DUBAI: Saudi Arabia is in talks with Pakistan to provide anti-aircraft and anti-tank rockets to Syrian rebels to try and tip the balance in the war to overthrow President Bashar al-Assad, a Saudi source said on Sunday.
The United States has long opposed arming the rebels with such weapons, fearing they might end up in the hands of extremists, but Syrian opposition figures say the failure of Geneva peace talks seems to have led Washington to soften its opposition.
Pakistan makes its own version of Chinese shoulder-launched anti-aircraft missiles, known as Anza, and anti-tank rockets – both of which Riyadh is trying to get for the rebels, said the source, who is close to Saudi decision makers, requesting anonymity.
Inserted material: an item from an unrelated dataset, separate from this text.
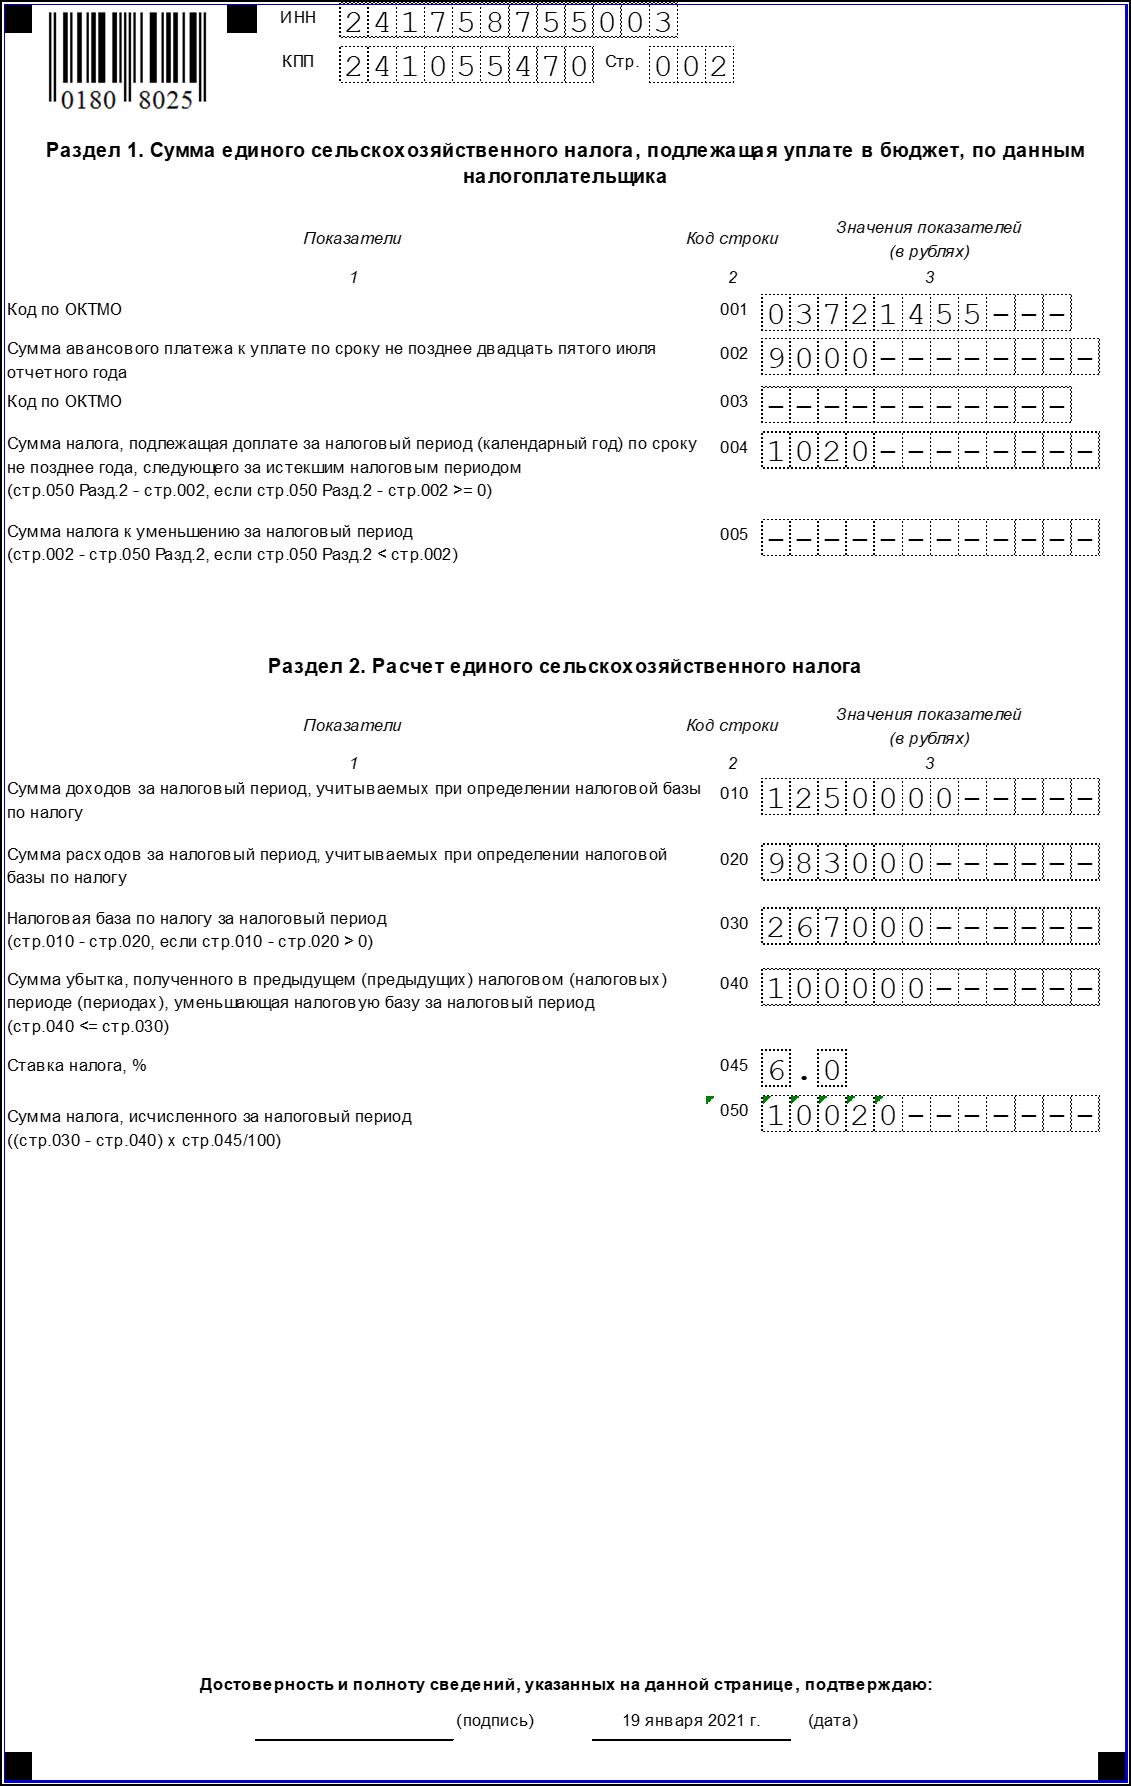 Раздел 1 и 2 декларации ЕСХН

The source pointed to a visit to Riyadh earlier this month by army chief General Raheel Sharif, who met Crown Prince Salman bin Abdul Aziz.
Prince Salman himself last week led a large delegation to Pakistan, shortly after Saudi’s chief diplomat Prince Saud al-Faisal visited the kingdom’s key ally.
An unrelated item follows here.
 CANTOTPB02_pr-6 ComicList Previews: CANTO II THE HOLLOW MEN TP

Jordan will be providing facilities to store the weapons before they are delivered to rebels within Syria, the same source said.
AFP could not obtain confirmation from officials in Saudi, Pakistan or Jordan.
The head of the Syrian opposition, Ahmad Jarba, promised during a flying visit to northern Syria last week that “powerful arms will be arriving soon”.
“The United States could allow their allies to provide the rebels with anti-aircraft and anti-tank weapons following the failure of Geneva talks and the renewed tension with Russia,” said the head of the Gulf Research Centre, Abdel Aziz al-Sager.
Providing those weapons to the rebels “relieves pressure on the US in the short-term”, said Simon Henderson, director of the Gulf and Energy Policy Programme at the Washington Institute for Near East Policy.
“But the long-term political worry is that Manpads (Man-portable air-defence systems) will leak and be used to bring down a civilian airliner somewhere in the world.”
Rebels have long said that anti-aircraft rockets would help them defend themselves against Syrian warplanes, which regularly bomb rebel-held areas with barrels loaded with TNT and other ordinance.
The nearly-three-year conflict in Syria has torn the country apart, killing more than 140,000 people, including some 50,000 civilians, according to the Britain-based Syrian Observatory for Human Rights.
Saudi Arabia has a strong influence on Syria’s southern front, where it coordinates with Jordan, and has helped unite the rebel fighters in the area, according to Syrian opposition sources.
On the other hand, Qatar and Turkey are responsible for coordinating with the rebels on the northern front, said an official of the Syrian opposition, requesting anonymity.